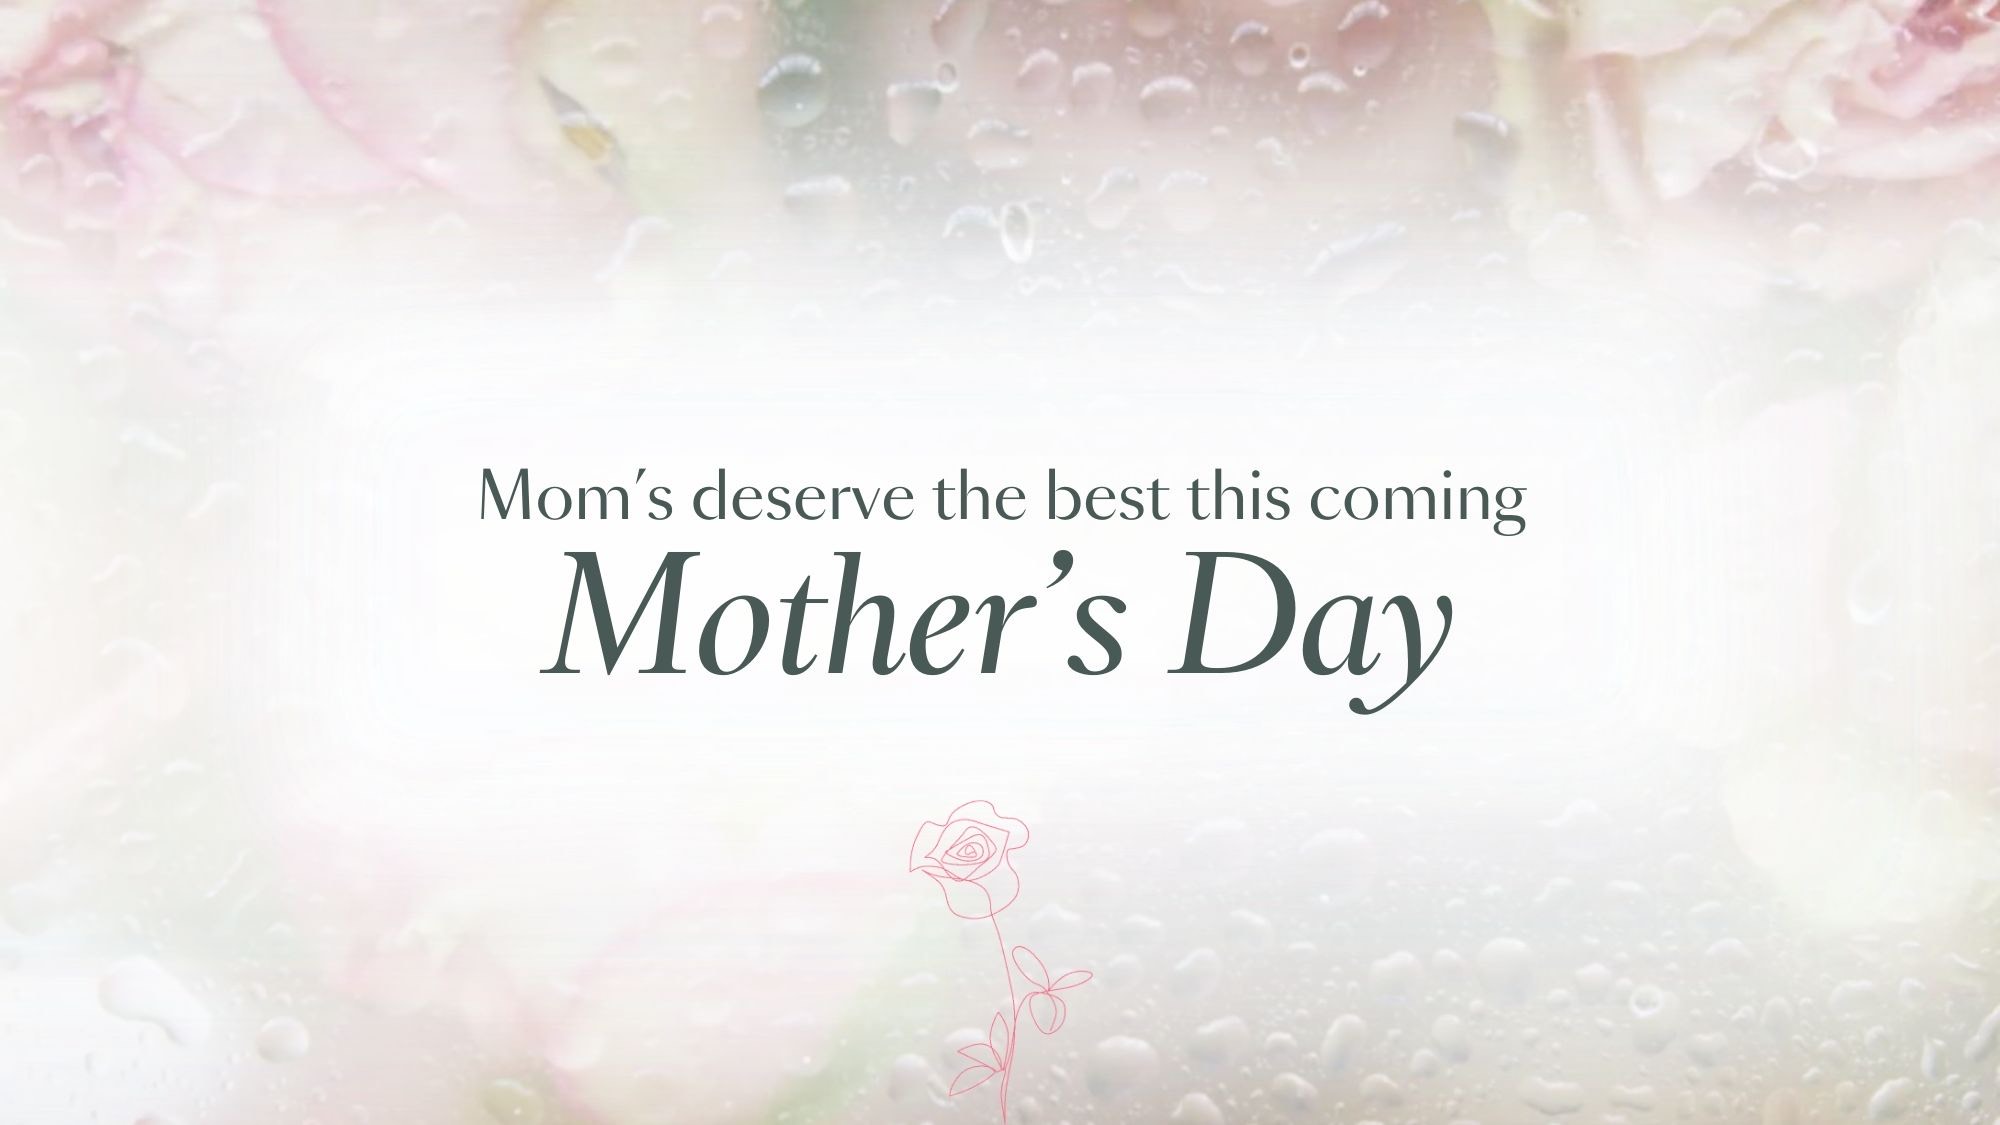 Luxurious Treatments for Moms at Luminisce
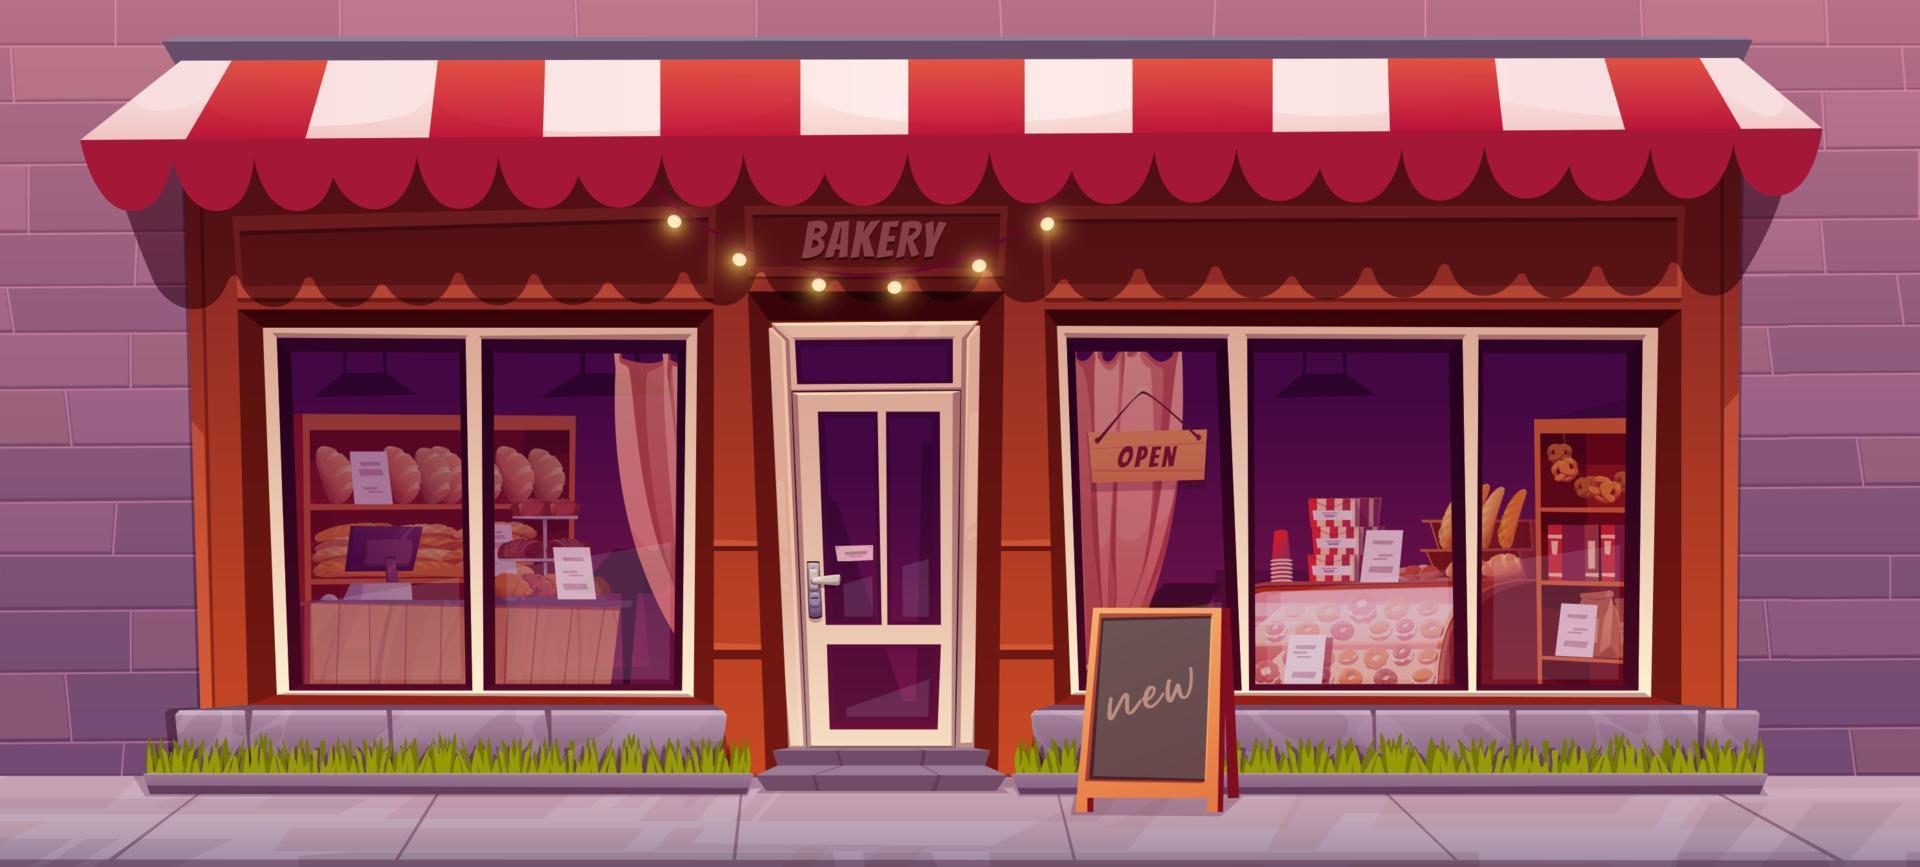 Bakery shop facade with large windows and door vector
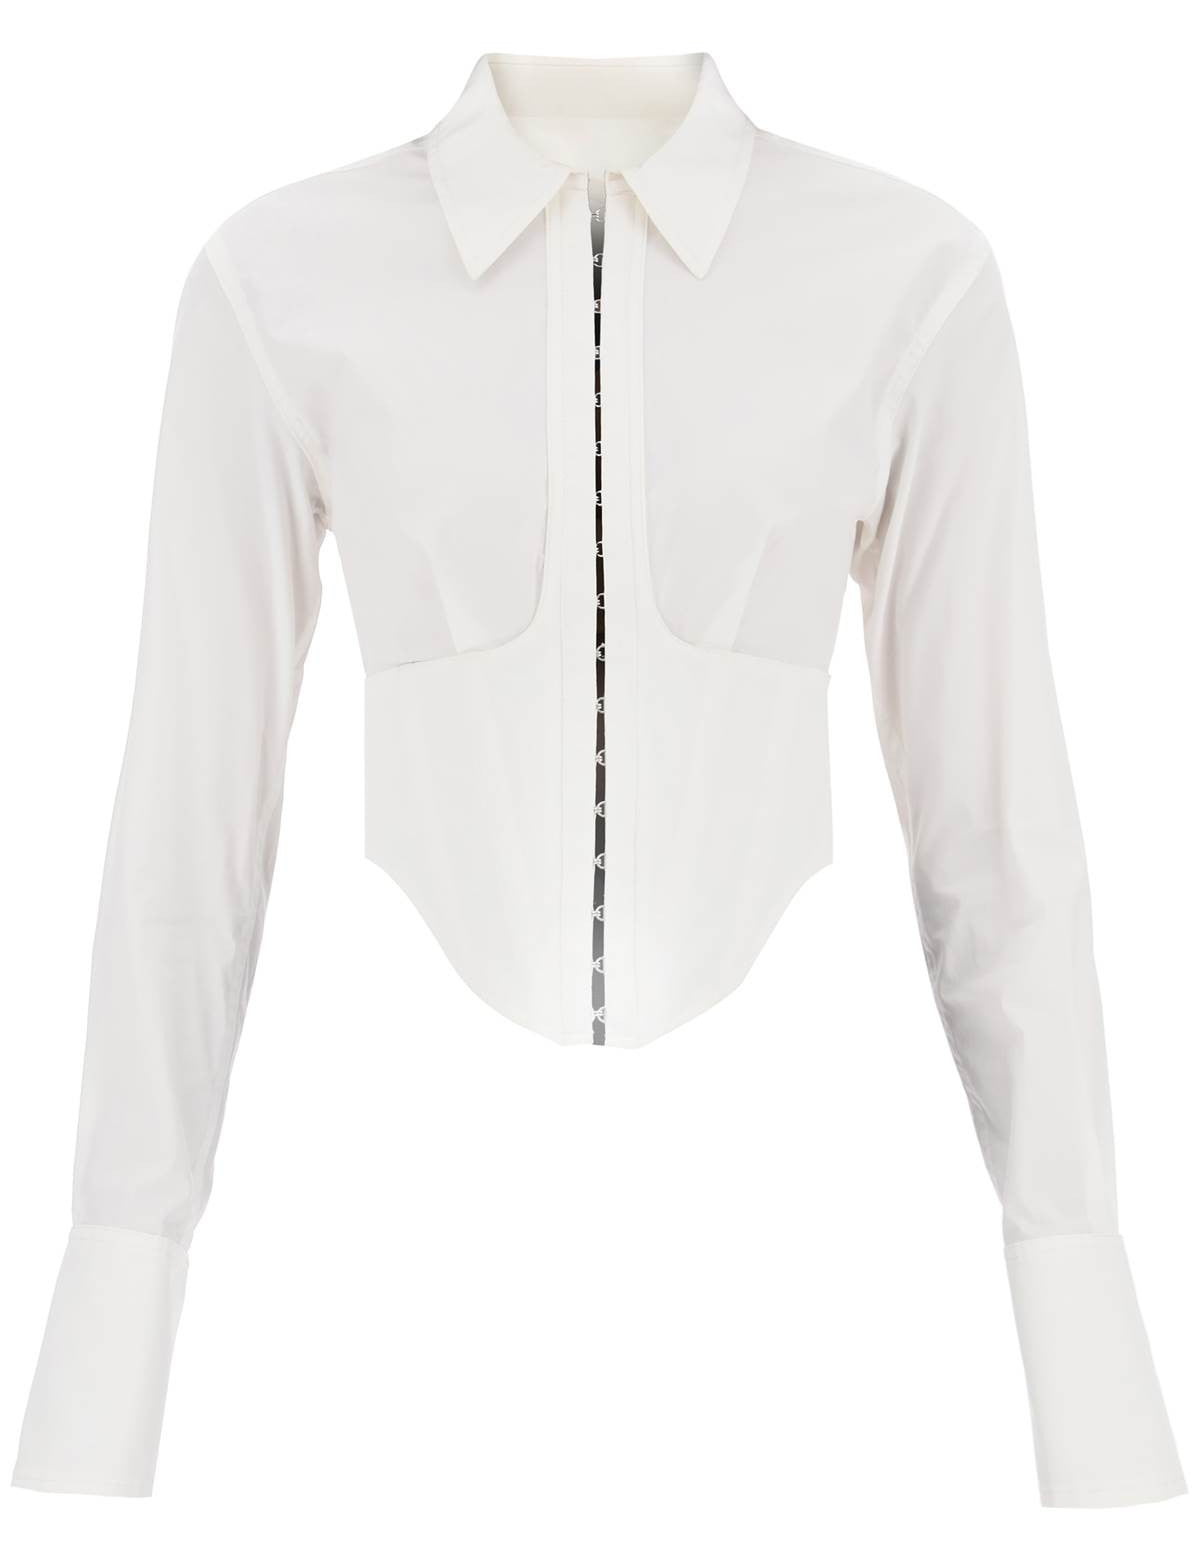 dion-lee-cropped-shirt-with-underbust-corset.jpg
· · · · ·
(WHAT YOU WILL DO) Every line above is to be returned exactly, with its pictures removed.

(RESULT OF THE TASK)
 Luxurious Treatments for Moms at Luminisce
 Bakery shop facade with large windows and door vector
 dion-lee-cropped-shirt-with-underbust-corset.jpg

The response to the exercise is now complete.